Source material:
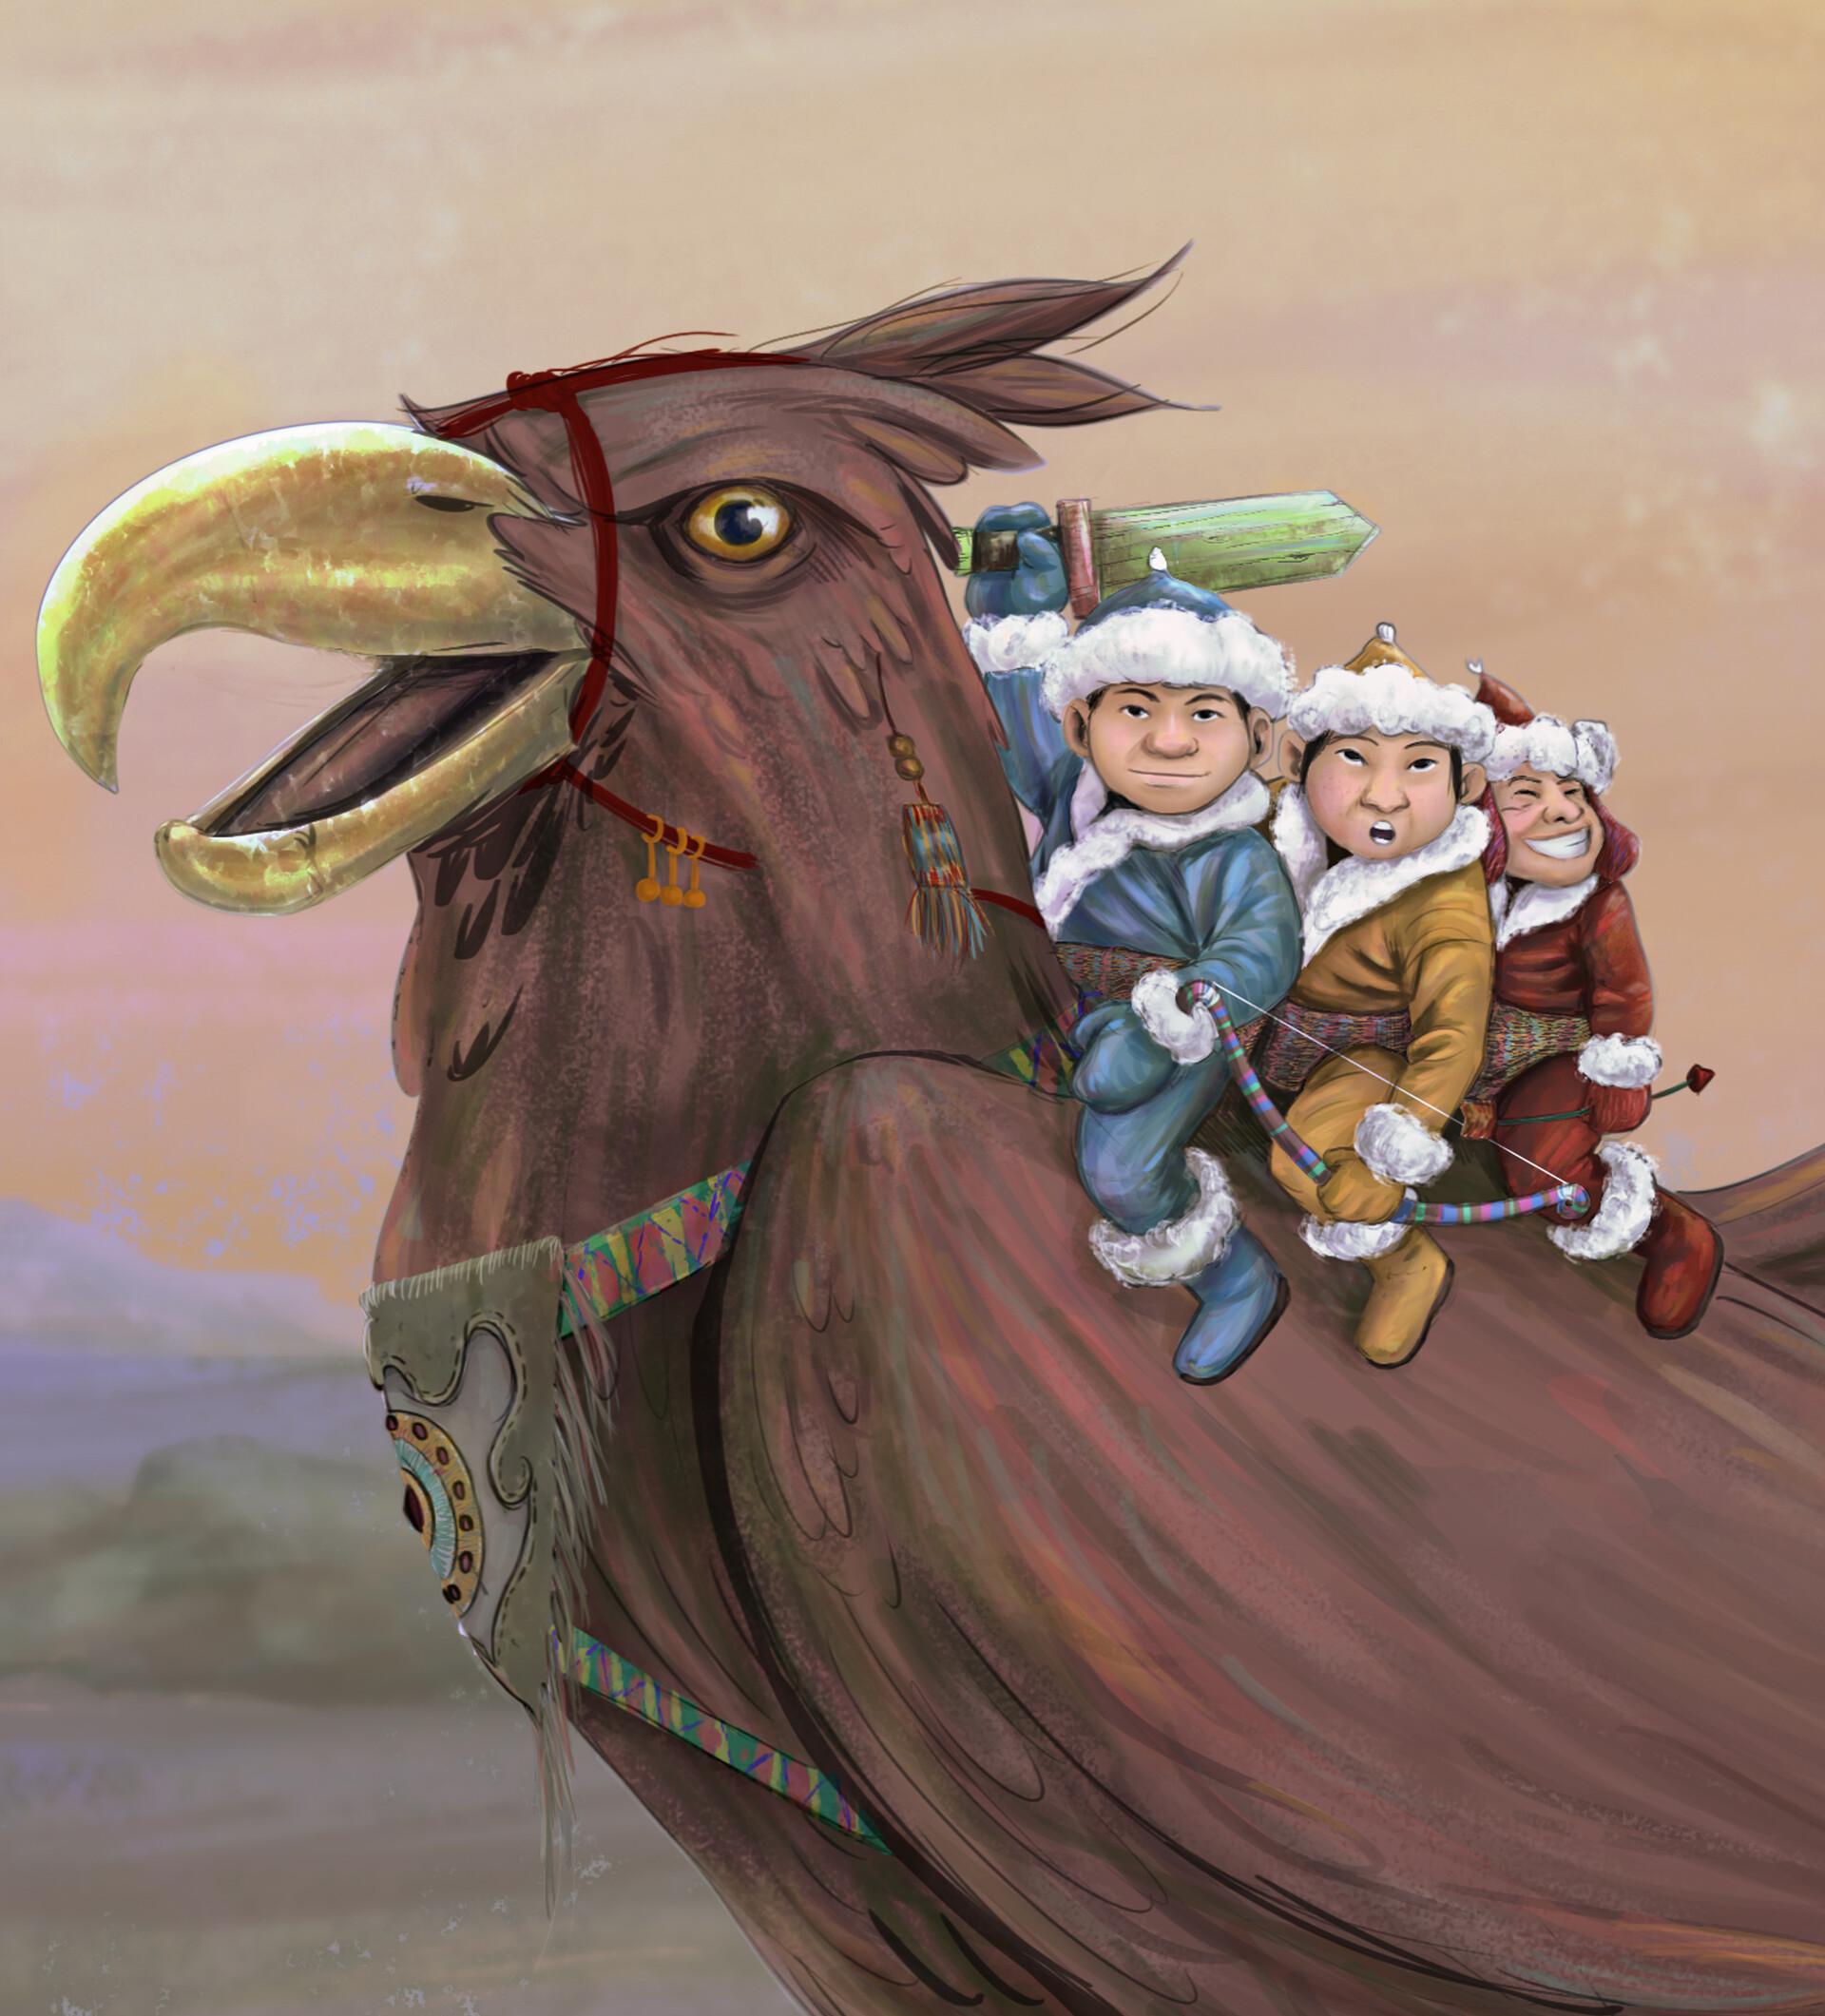 Italo gaspar curandeiro de aguias guerreiras 2
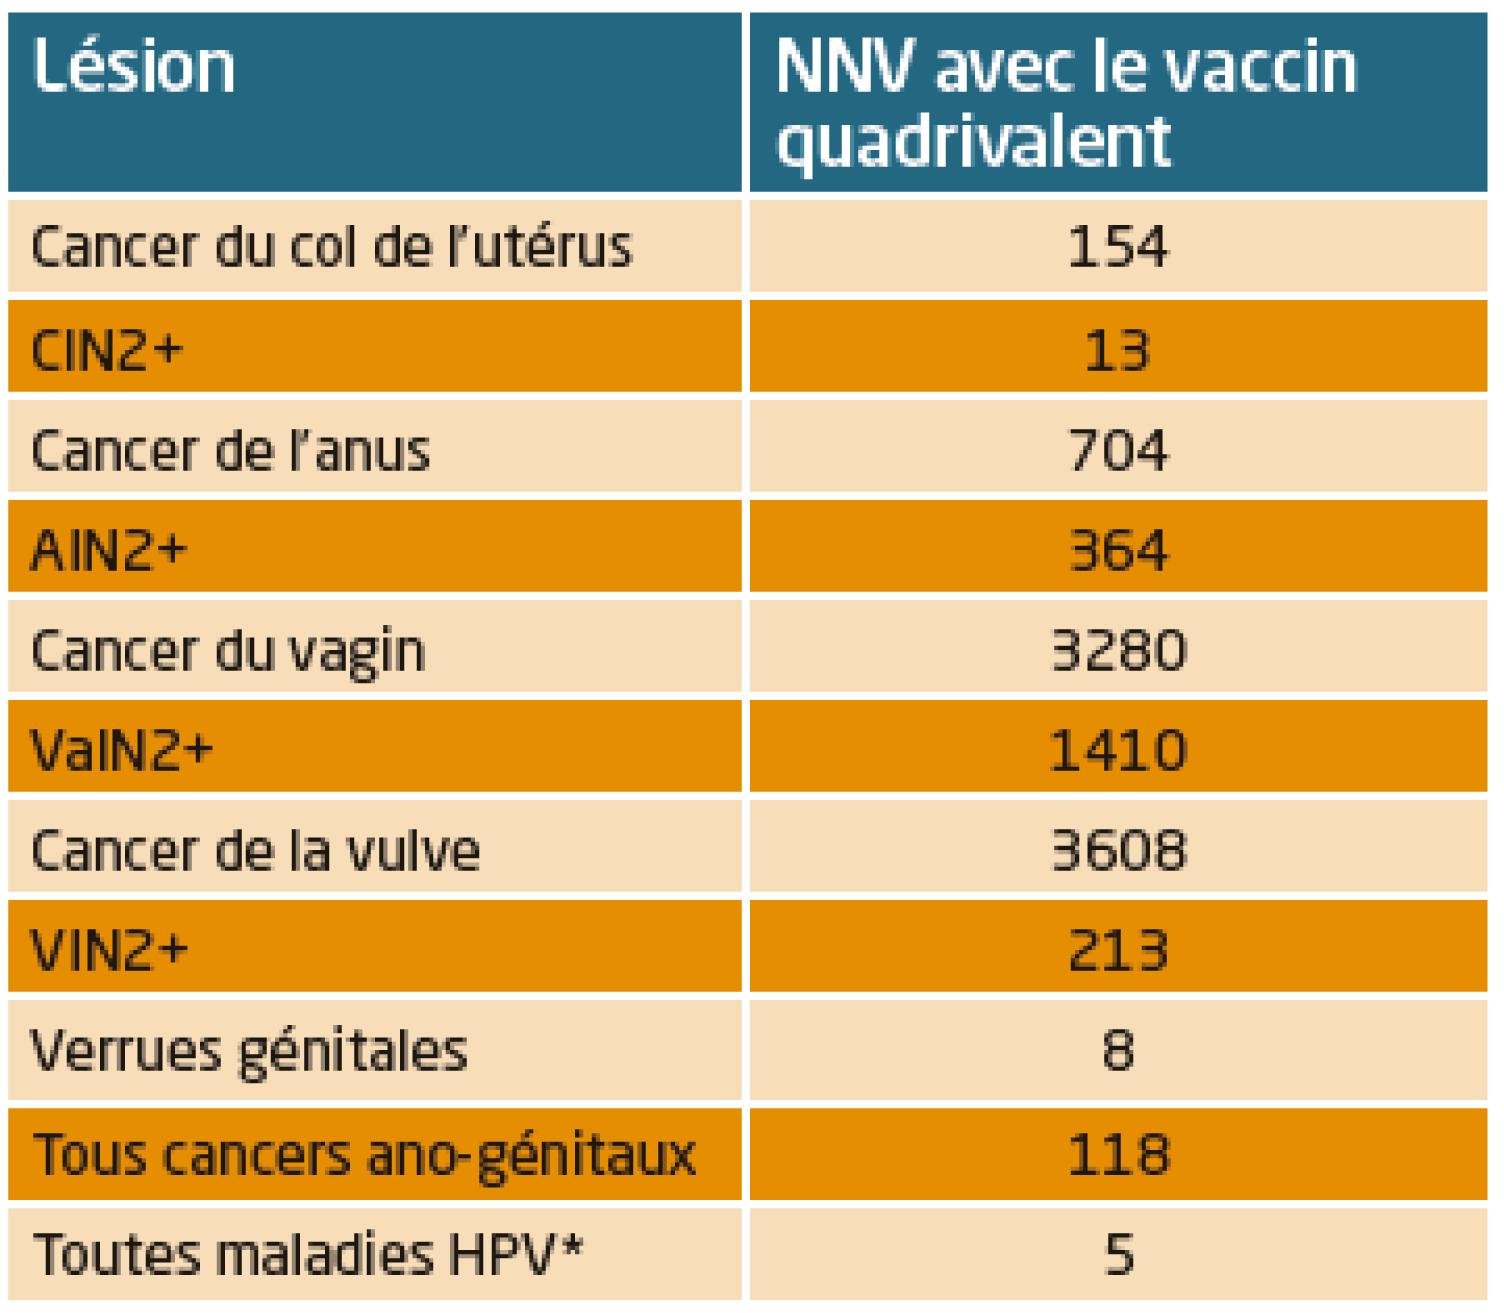 Sinonasal papilloma exophytic type, Vaccin papillomavirus prix remboursement
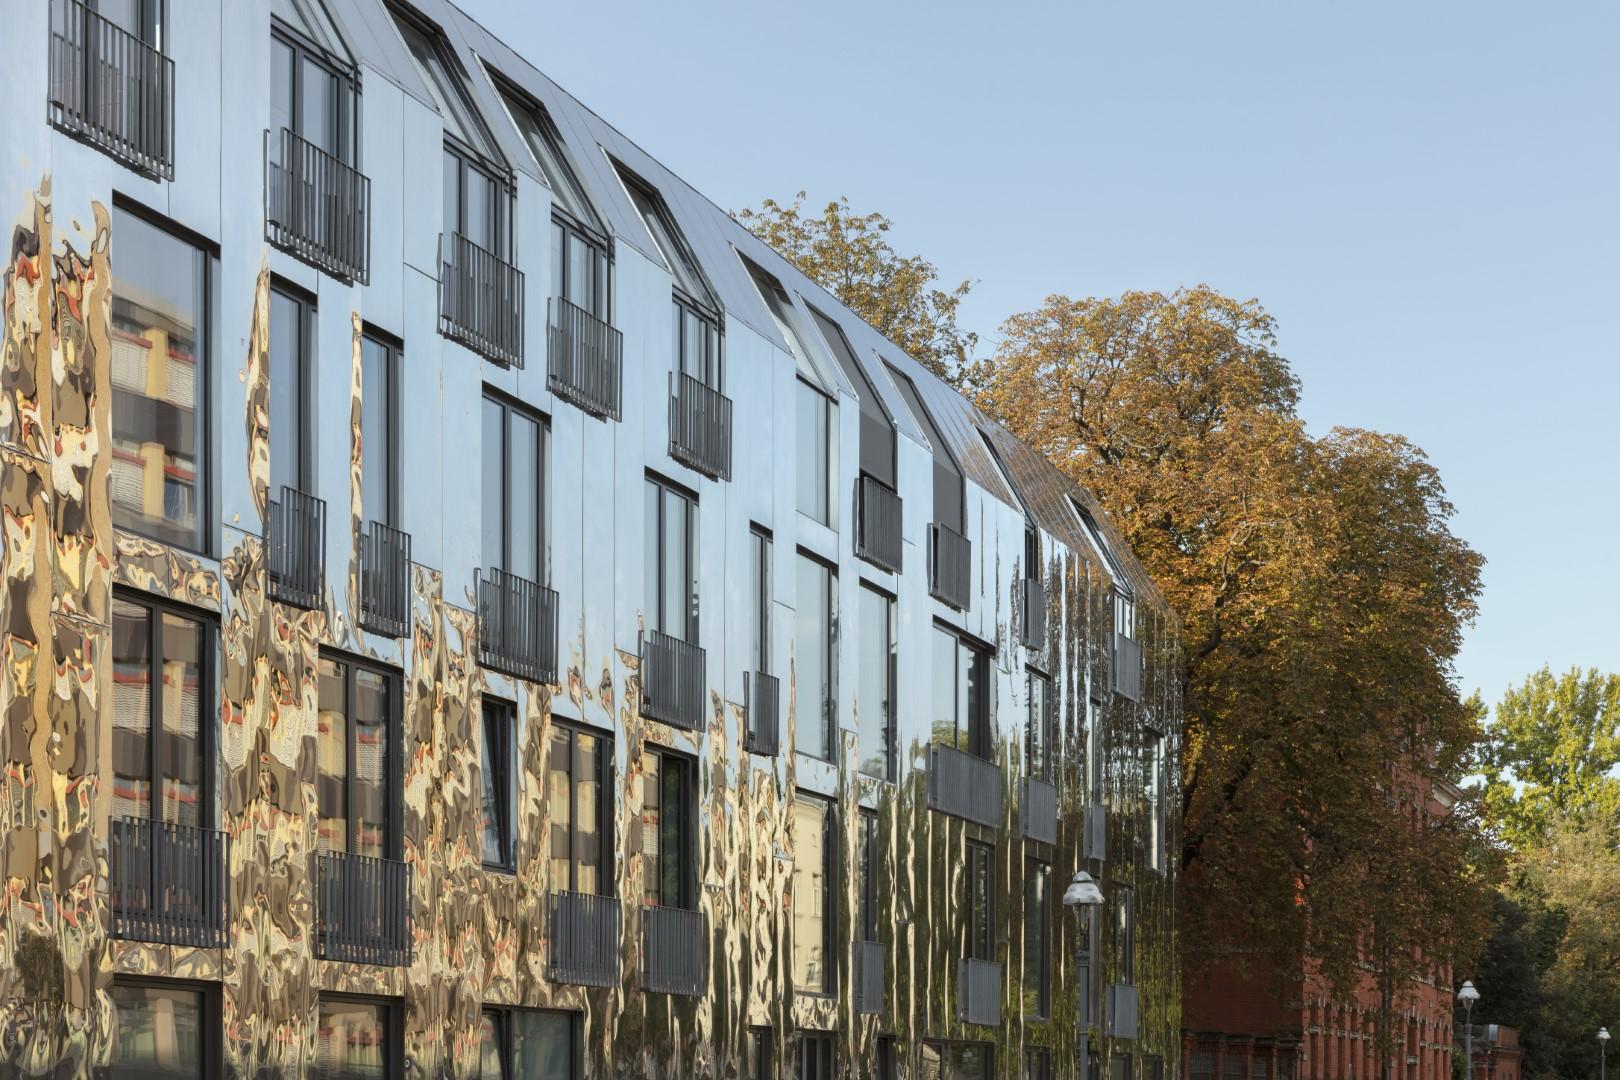 Großformatige Schindel aus HFX Edelstahl für Dach und Fassade

The task: Copy the listing above in full and exactly, but omit each picture that it holds.

Task result:
 Italo gaspar curandeiro de aguias guerreiras 2
 Sinonasal papilloma exophytic type, Vaccin papillomavirus prix remboursement
 Großformatige Schindel aus HFX Edelstahl für Dach und Fassade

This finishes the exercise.